» **Available data**:

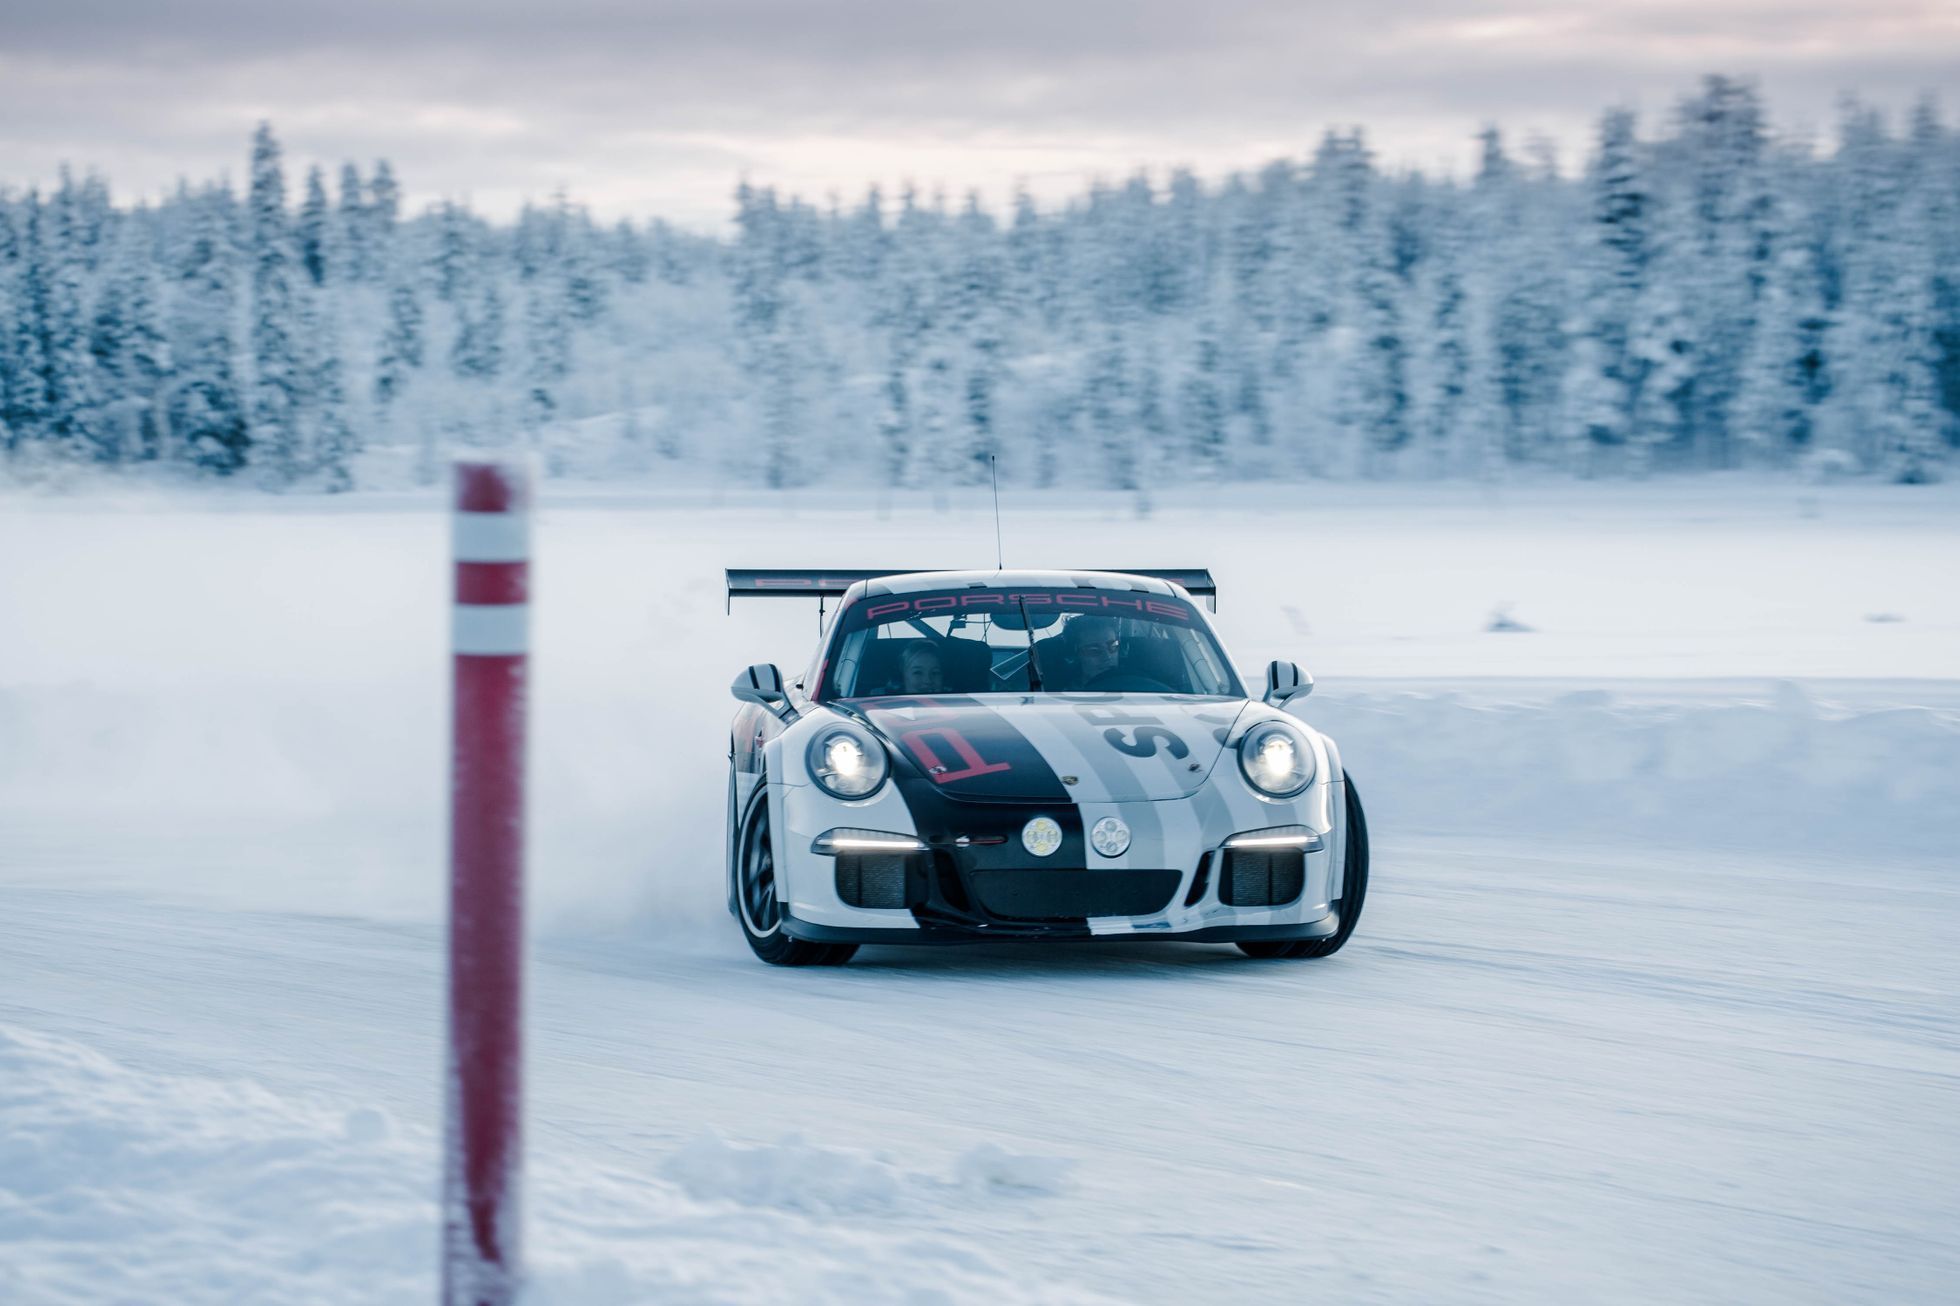 Škola jízdy na ledu s Porsche za polárním kruhem
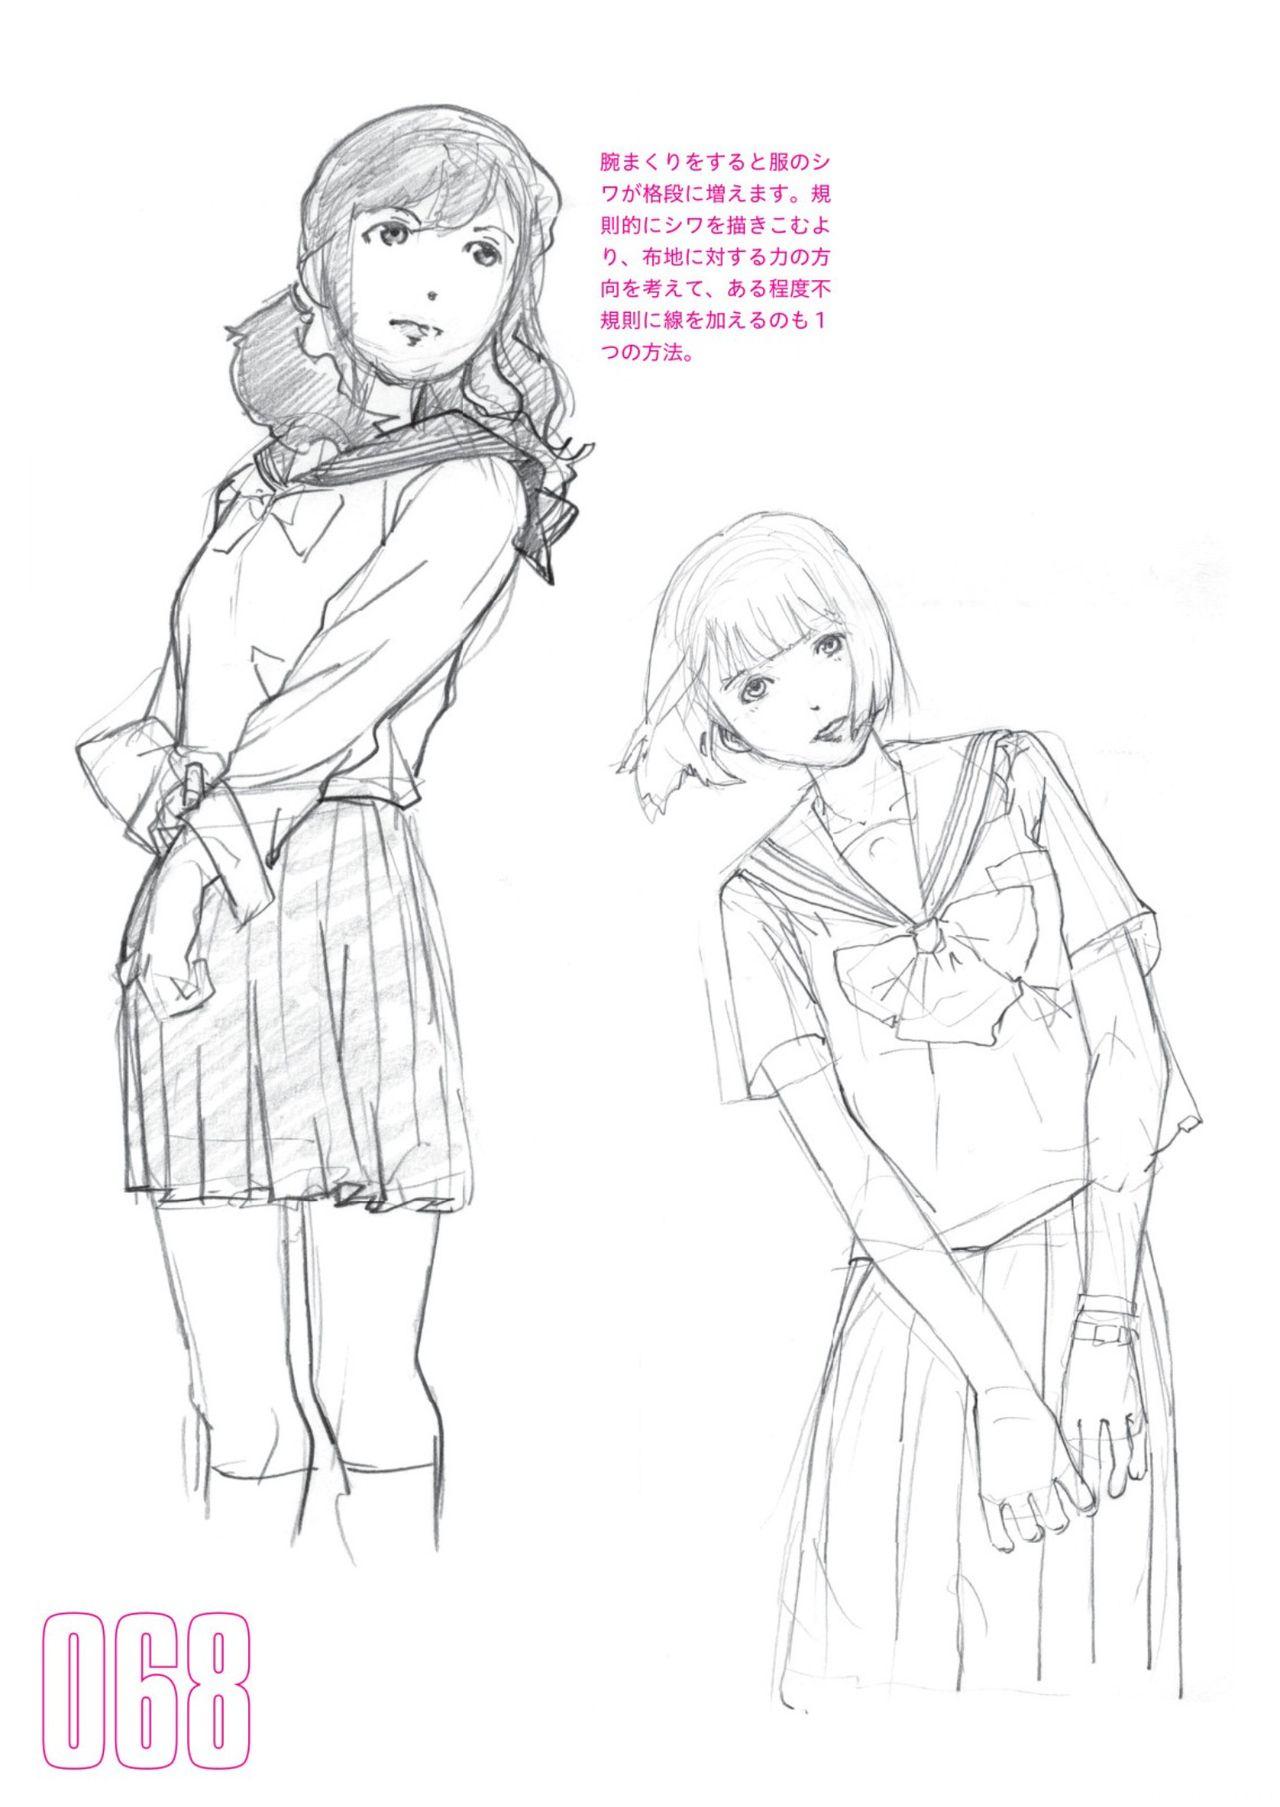 Toru Yoshida Tips for drawing women in 10 minutes 270 Uniforms 69
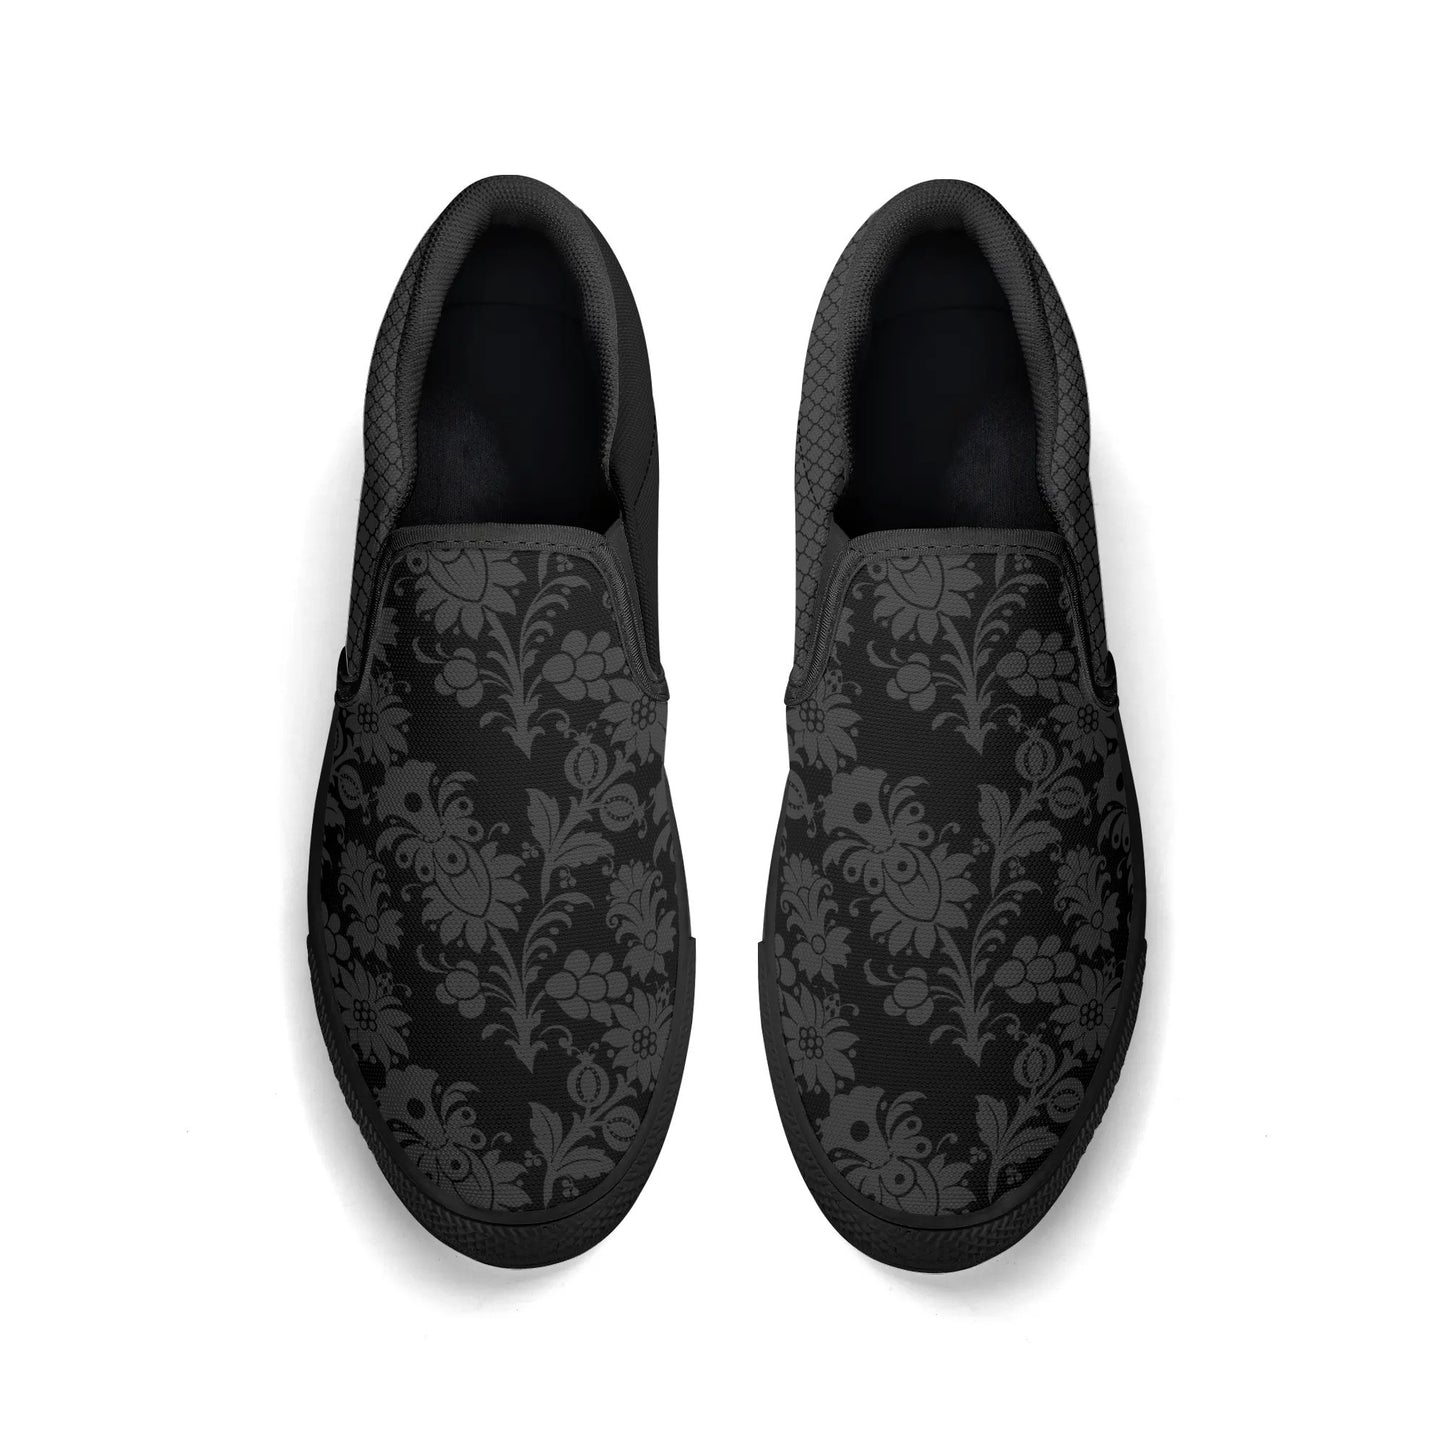 Dorian Gray Women's Slip On Shoes

» **Try it**: Exact transcription of the full listing above is required; images do not belong in it.

» **Exercise response**:
 Škola jízdy na ledu s Porsche za polárním kruhem
 Toru Yoshida Tips for drawing women in 10 minutes 270 Uniforms 69
 Dorian Gray Women's Slip On Shoes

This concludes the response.